>>>

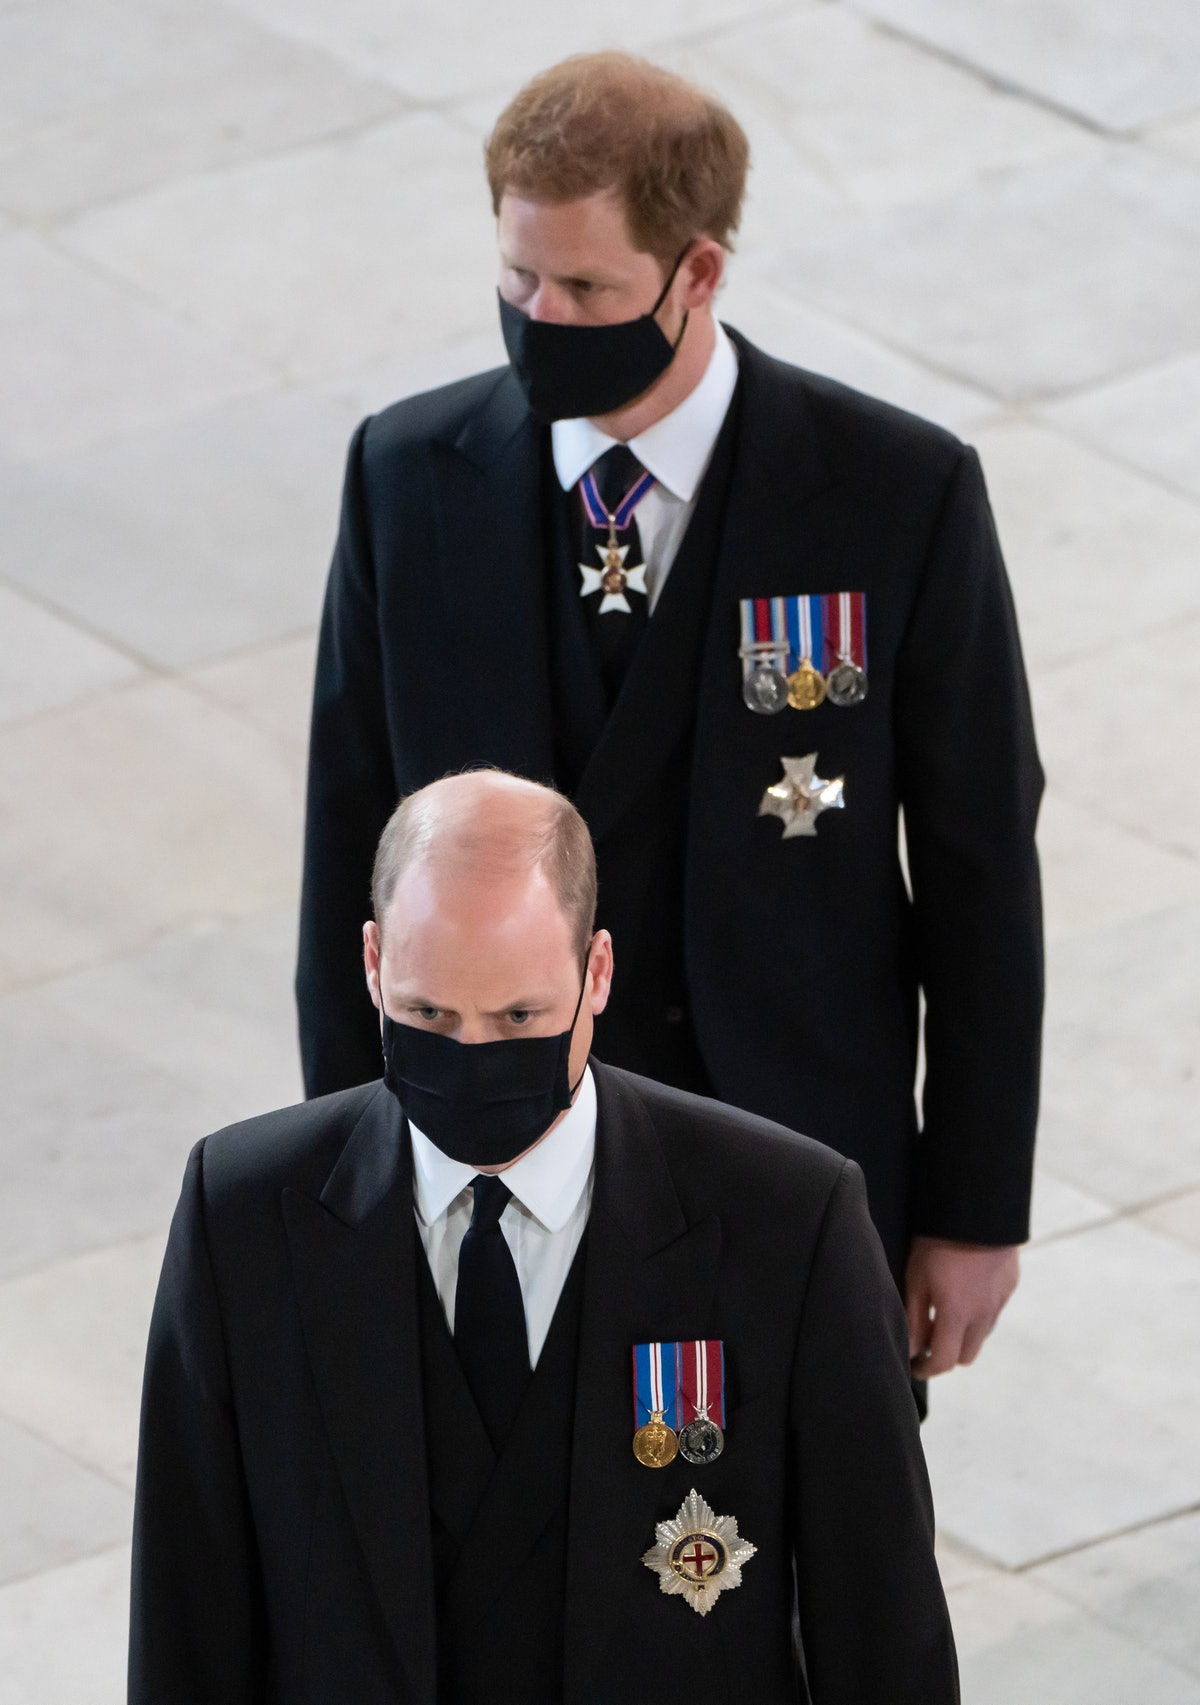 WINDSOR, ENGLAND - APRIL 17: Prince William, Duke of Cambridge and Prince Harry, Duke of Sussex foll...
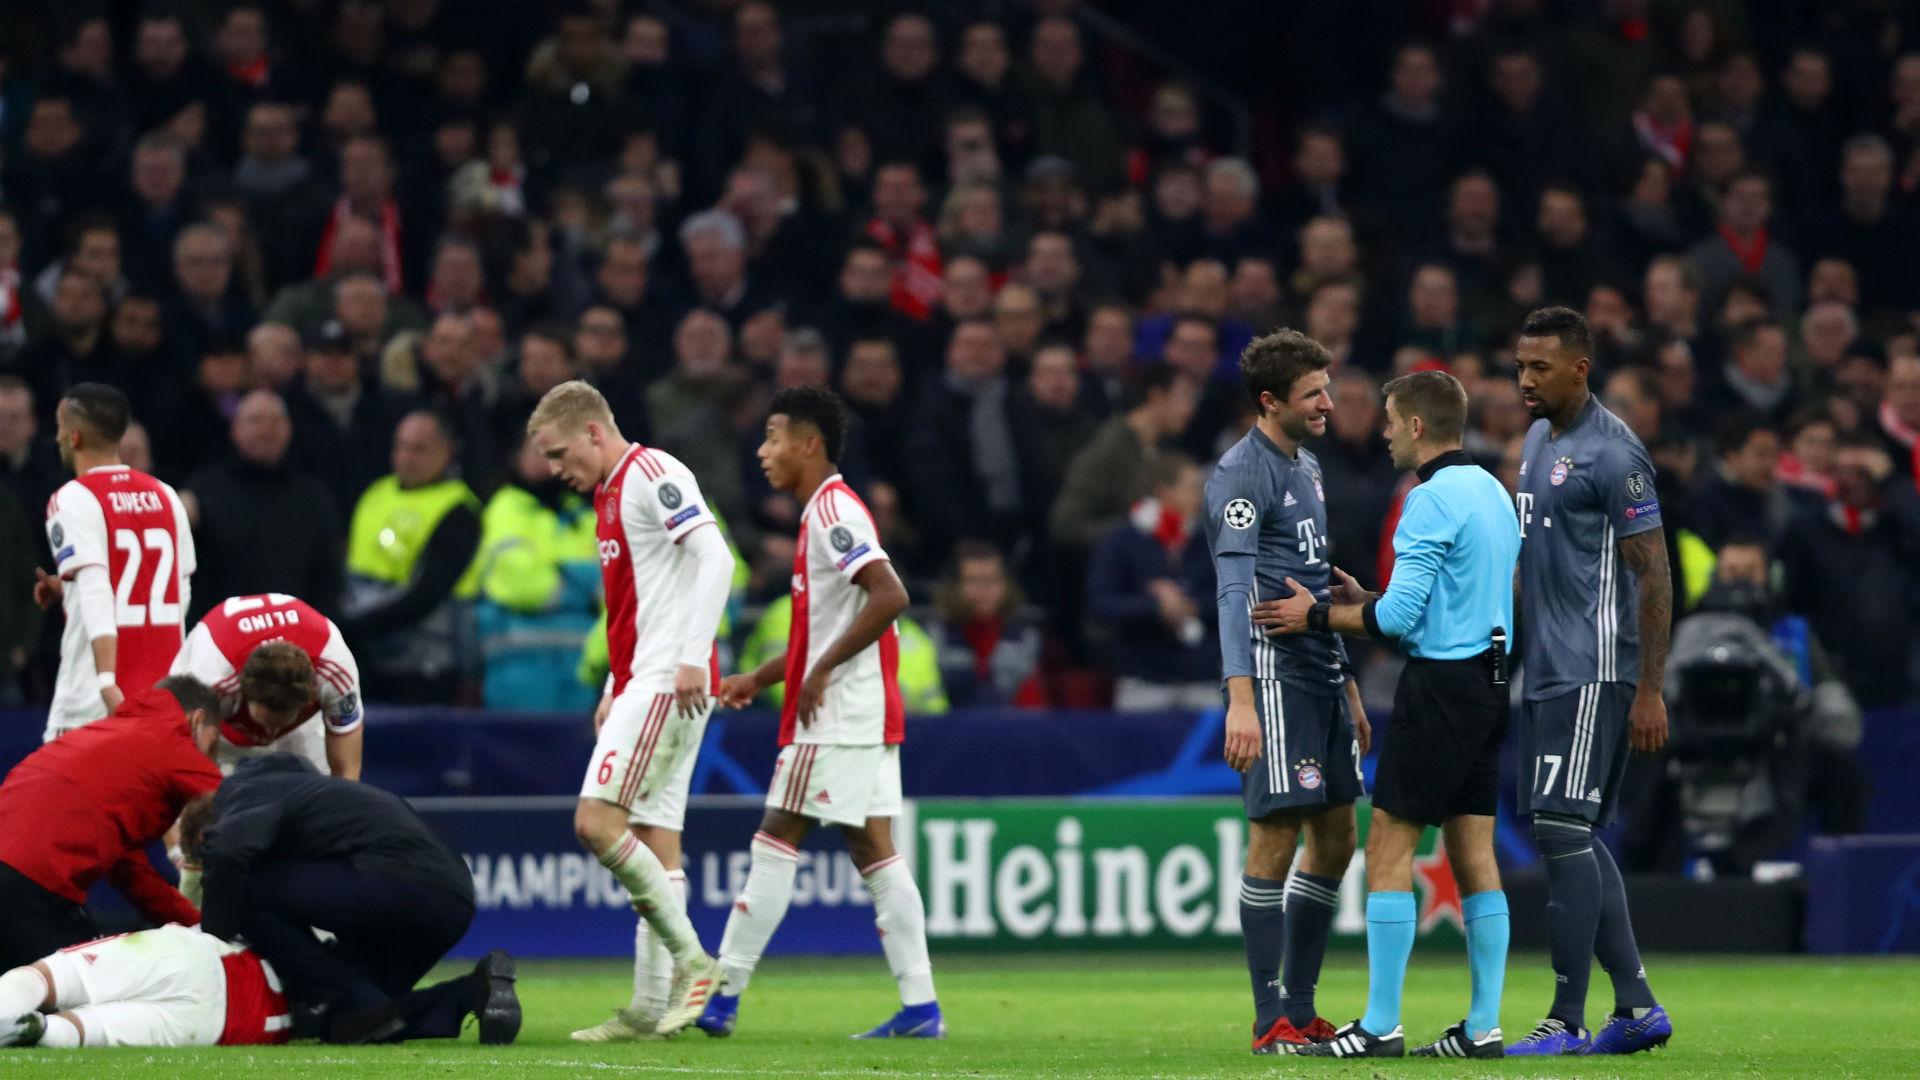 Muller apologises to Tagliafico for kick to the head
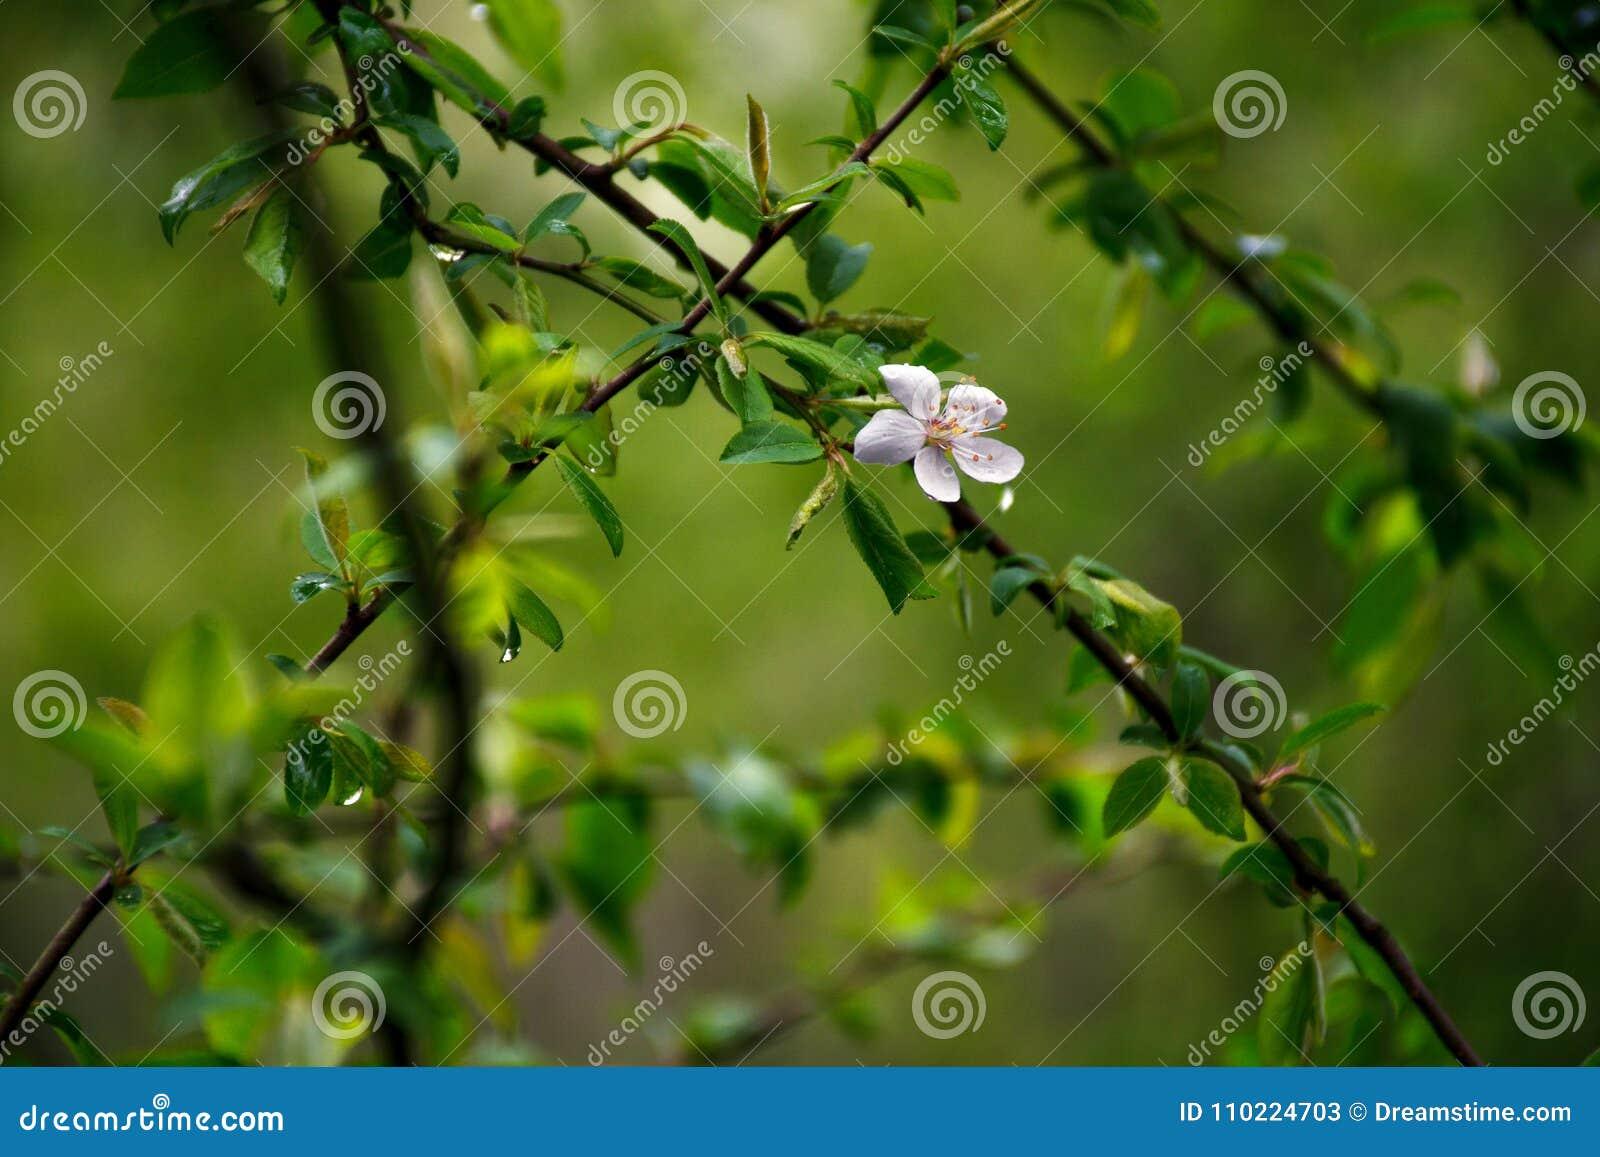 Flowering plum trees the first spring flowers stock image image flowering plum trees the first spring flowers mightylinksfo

<<<

Problem requirements: Only the lines from the top of the material above down to the line bearing "Muller apologises to", that line included, should be set down exactly; no pictures.

Completed task:
 WINDSOR, ENGLAND - APRIL 17: Prince William, Duke of Cambridge and Prince Harry, Duke of Sussex foll...
 Muller apologises to Tagliafico for kick to the head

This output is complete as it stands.